- EXERCISE DESCRIPTION
Exclude pictures; retype the lines below from the line containing "Tennis ITF Tournaments" through the end of the records, both ends kept.

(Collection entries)
- Opening Delimiter -

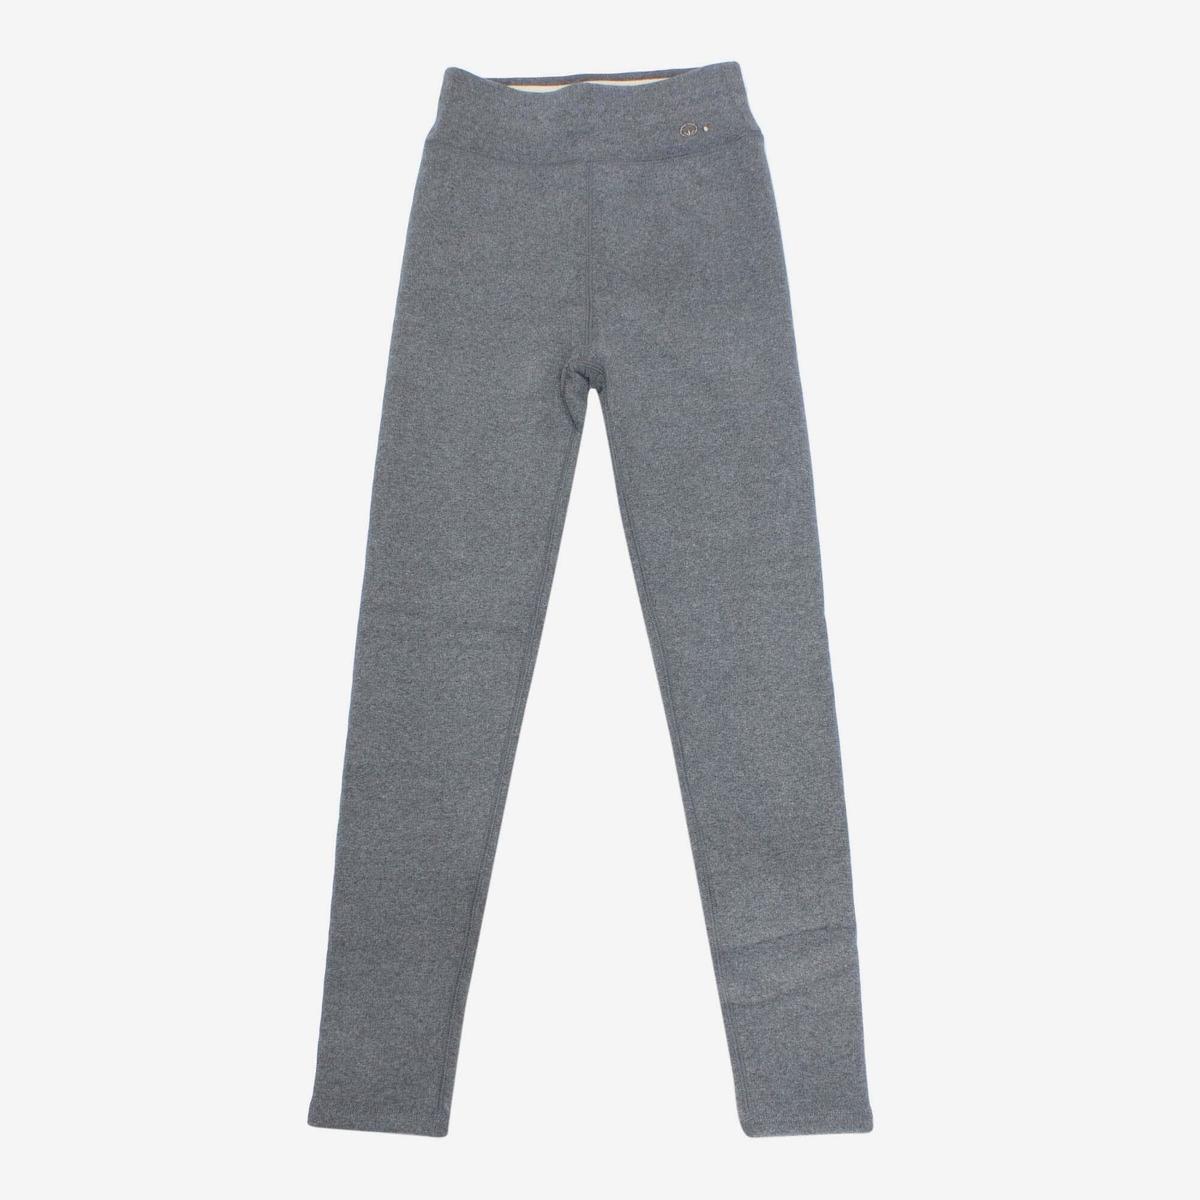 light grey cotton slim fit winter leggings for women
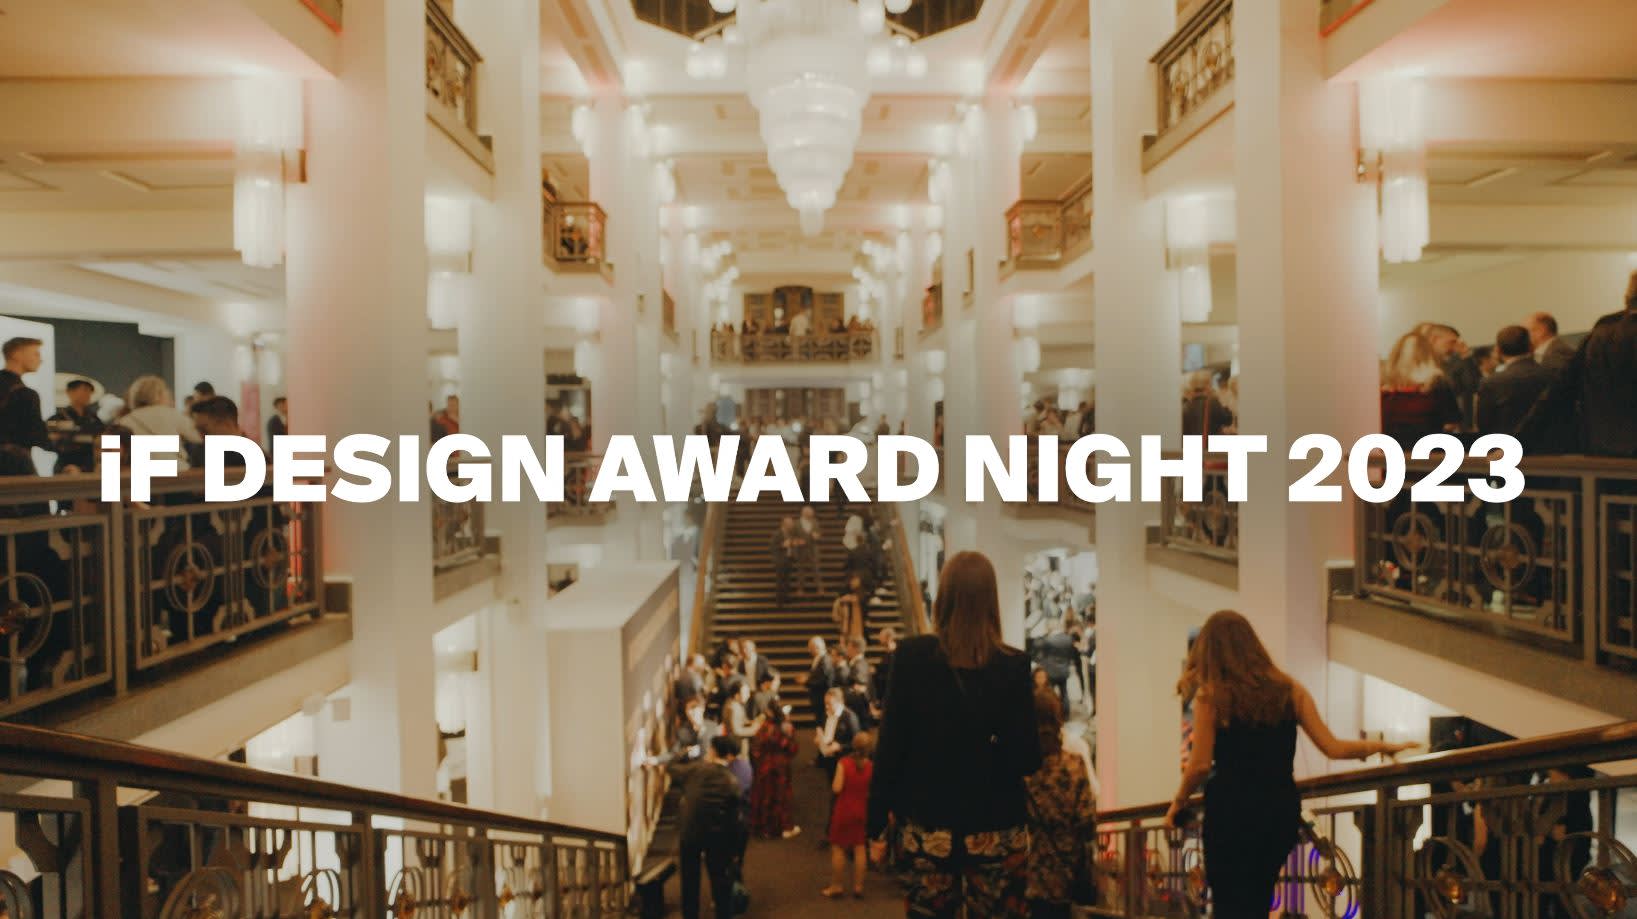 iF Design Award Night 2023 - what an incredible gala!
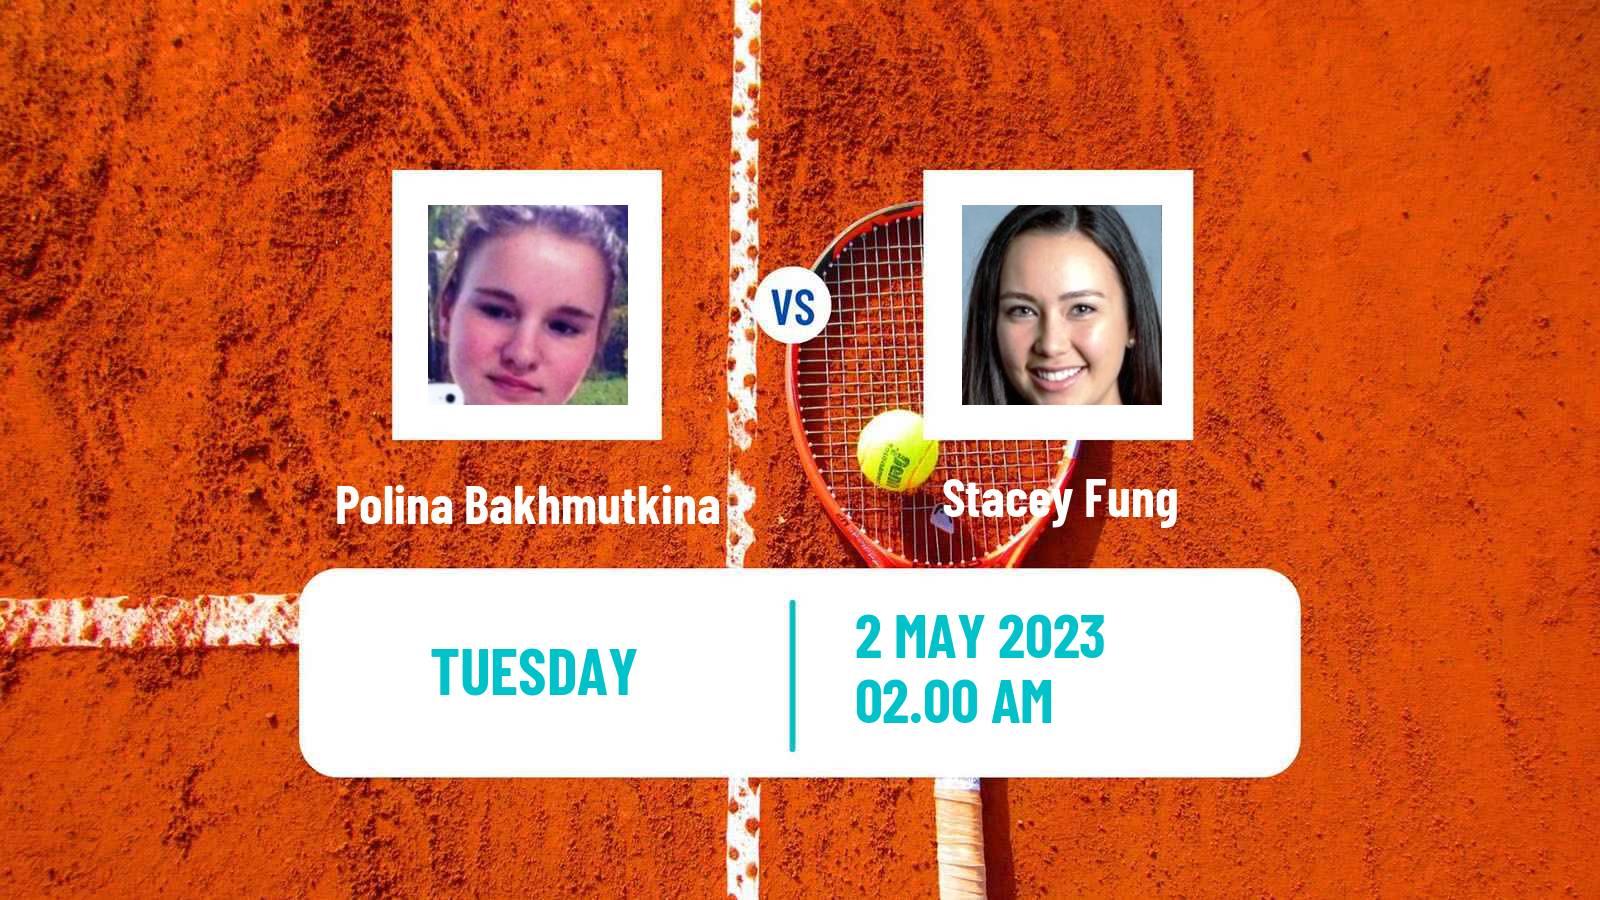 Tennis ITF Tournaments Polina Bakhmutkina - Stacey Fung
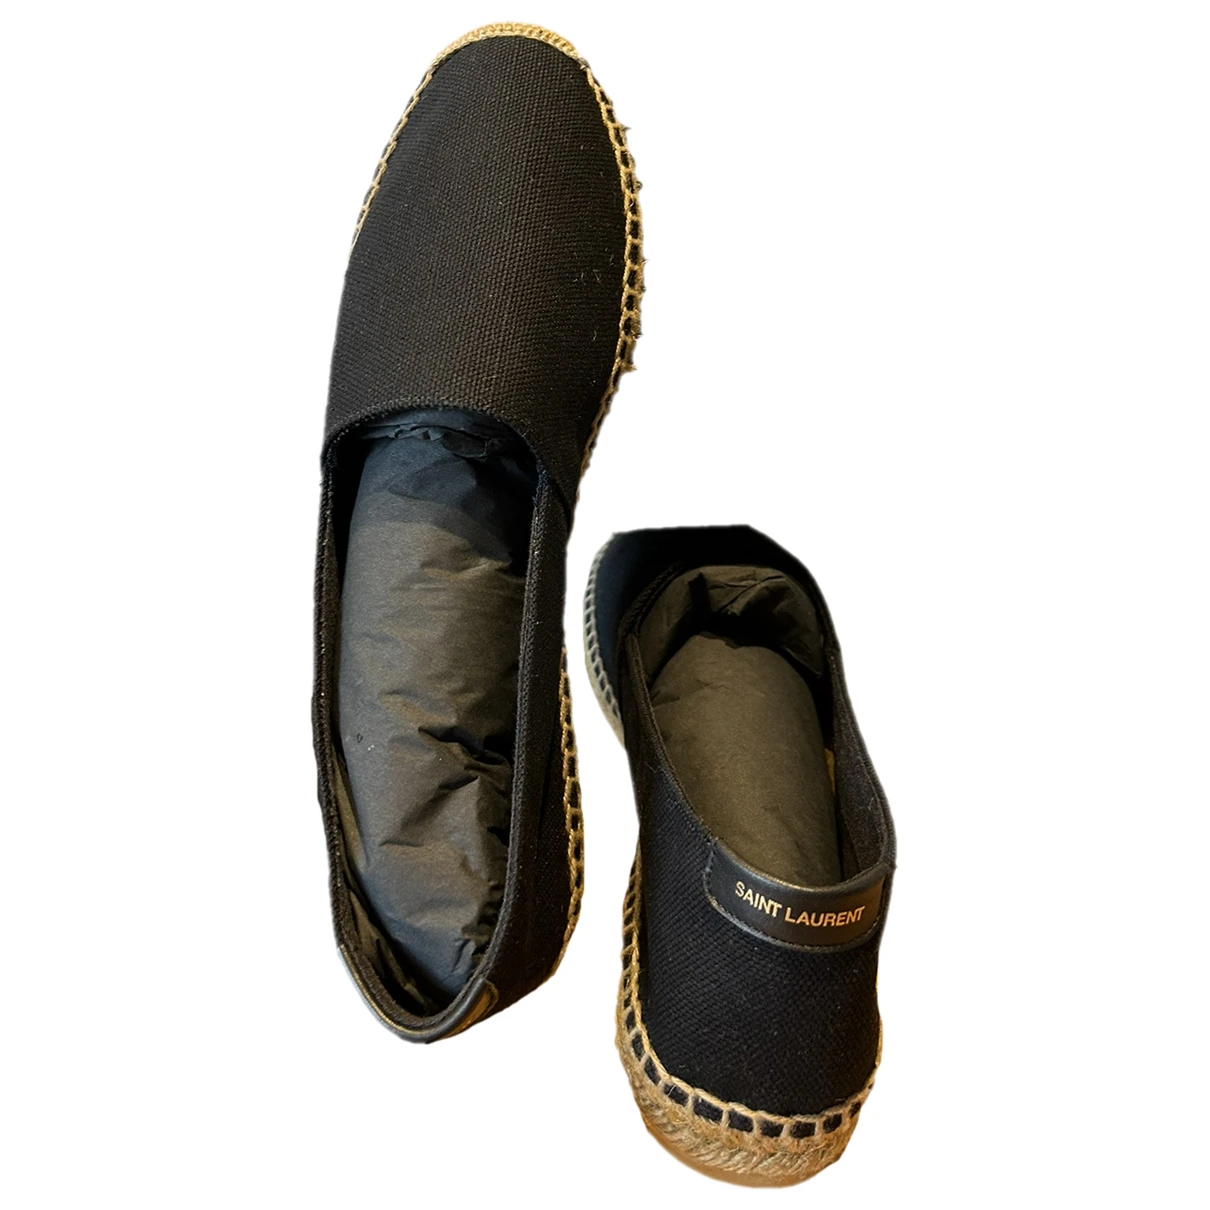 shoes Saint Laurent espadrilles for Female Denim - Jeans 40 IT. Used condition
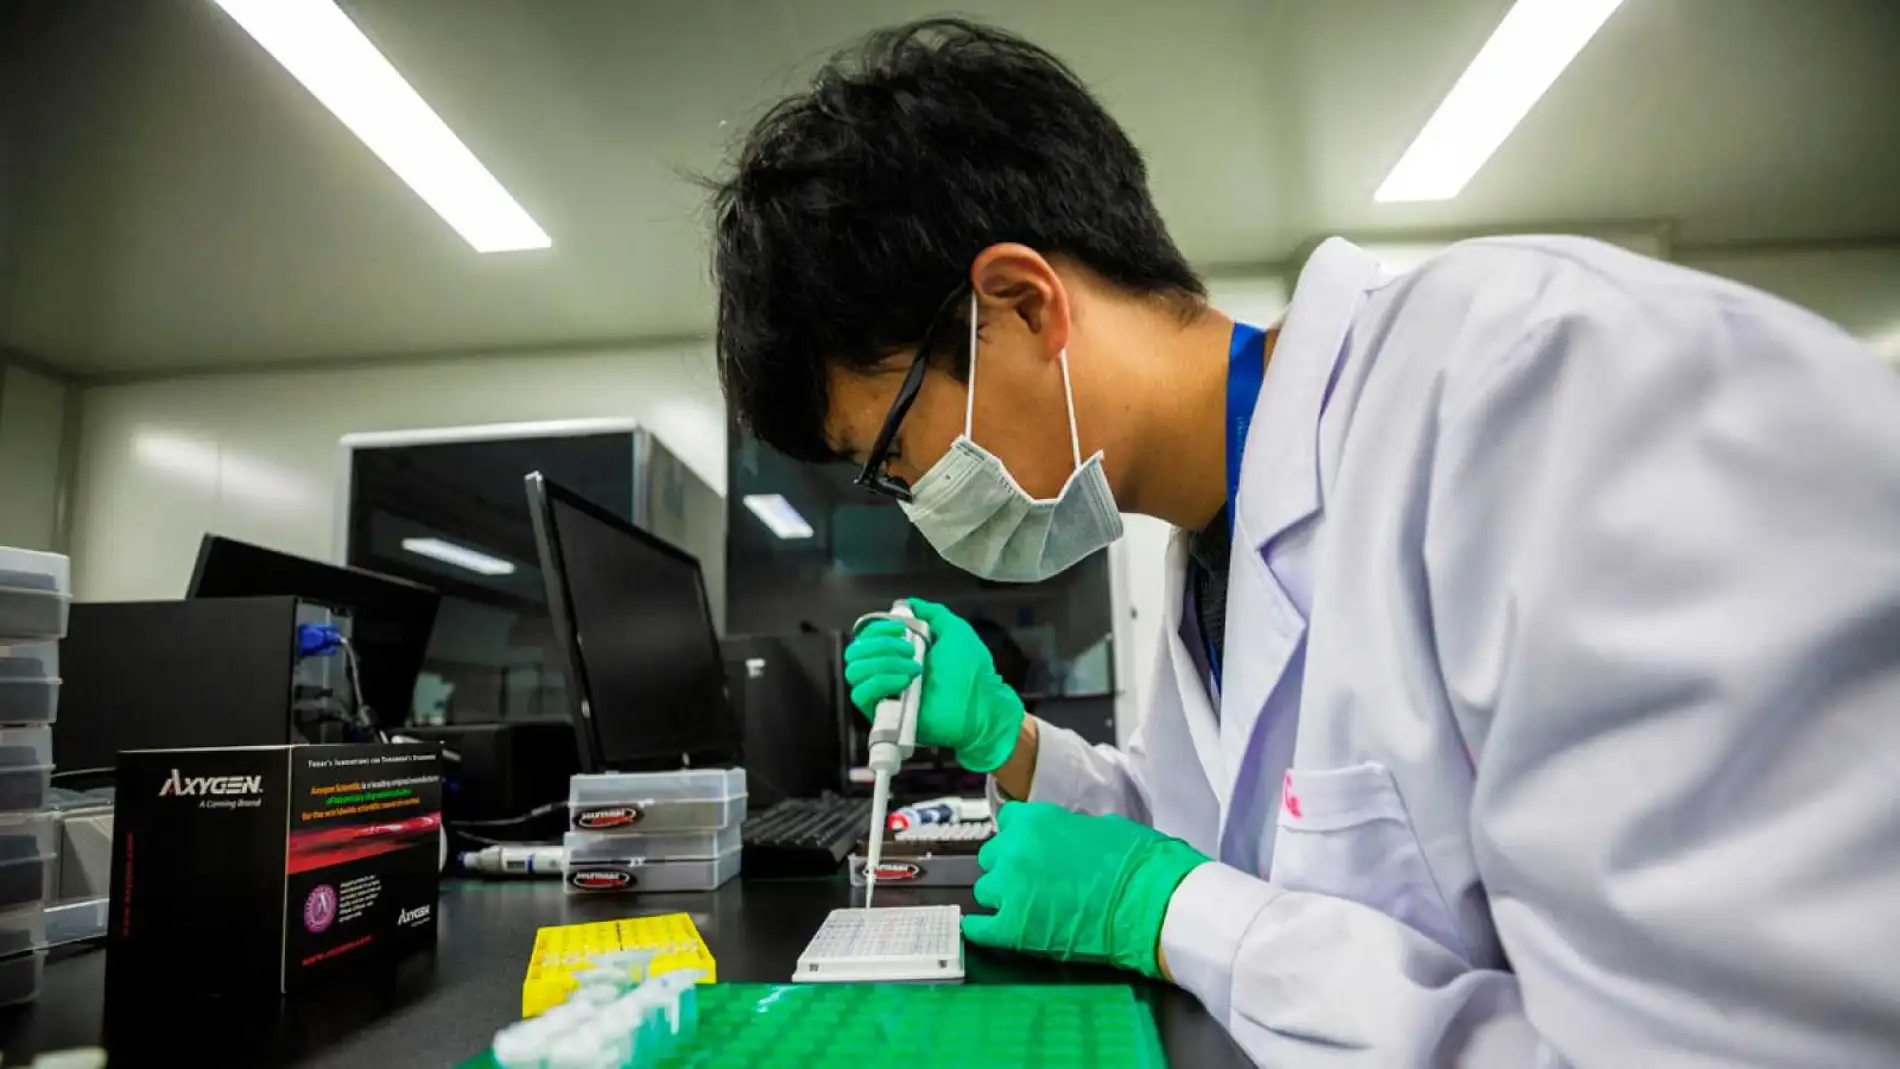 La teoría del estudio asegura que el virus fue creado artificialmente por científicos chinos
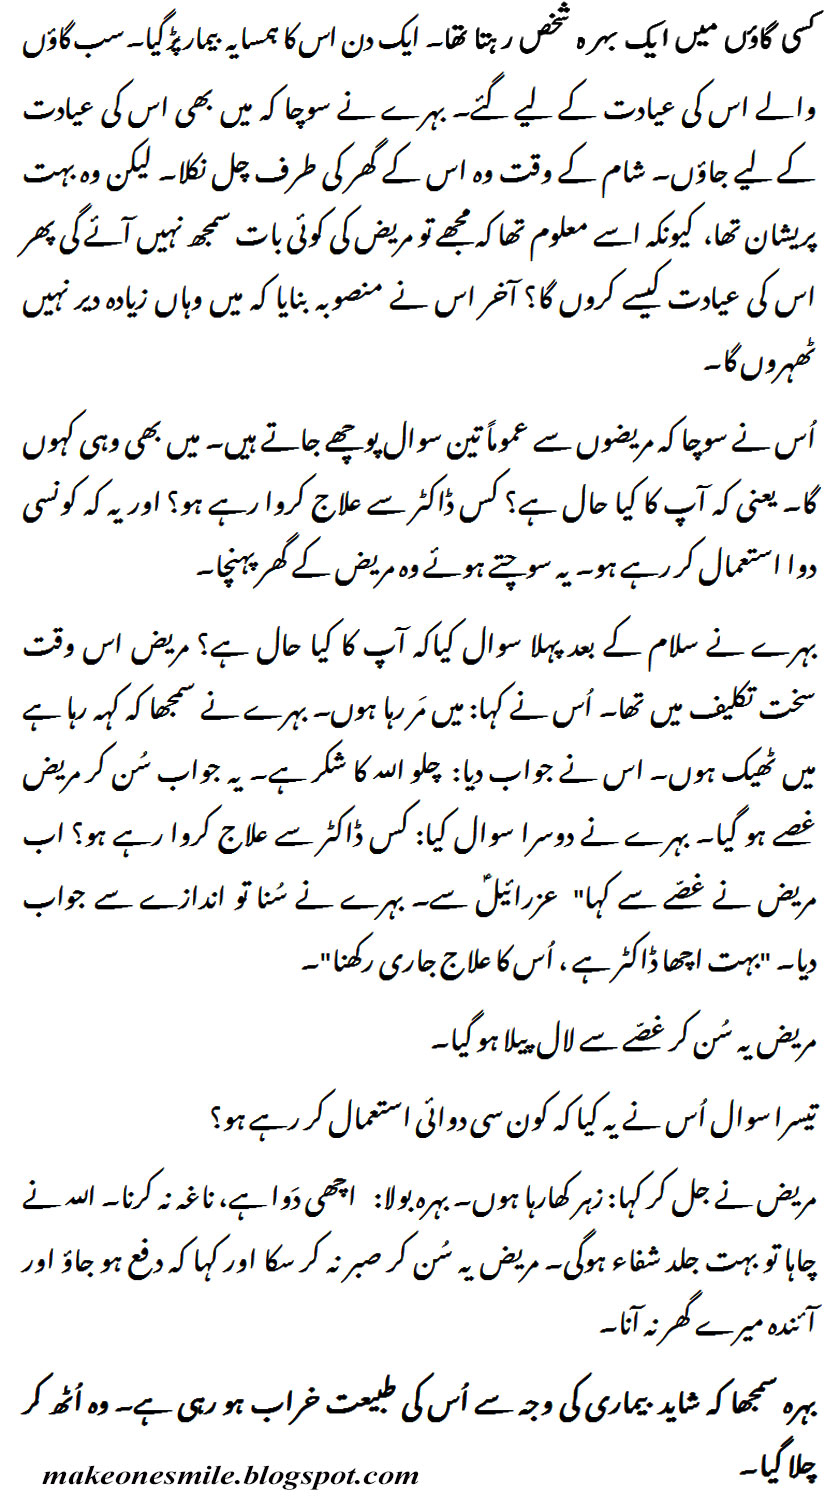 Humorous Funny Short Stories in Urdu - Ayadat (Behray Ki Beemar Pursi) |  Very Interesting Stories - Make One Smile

- Closing Delimiter -

- RESPONSE TO THIS TASK
 Tennis ITF Tournaments Polina Bakhmutkina - Stacey Fung
 shoes Saint Laurent espadrilles for Female Denim - Jeans 40 IT. Used condition
 La teoría del estudio asegura que el virus fue creado artificialmente por científicos chinos
 Humorous Funny Short Stories in Urdu - Ayadat (Behray Ki Beemar Pursi) |  Very Interesting Stories - Make One Smile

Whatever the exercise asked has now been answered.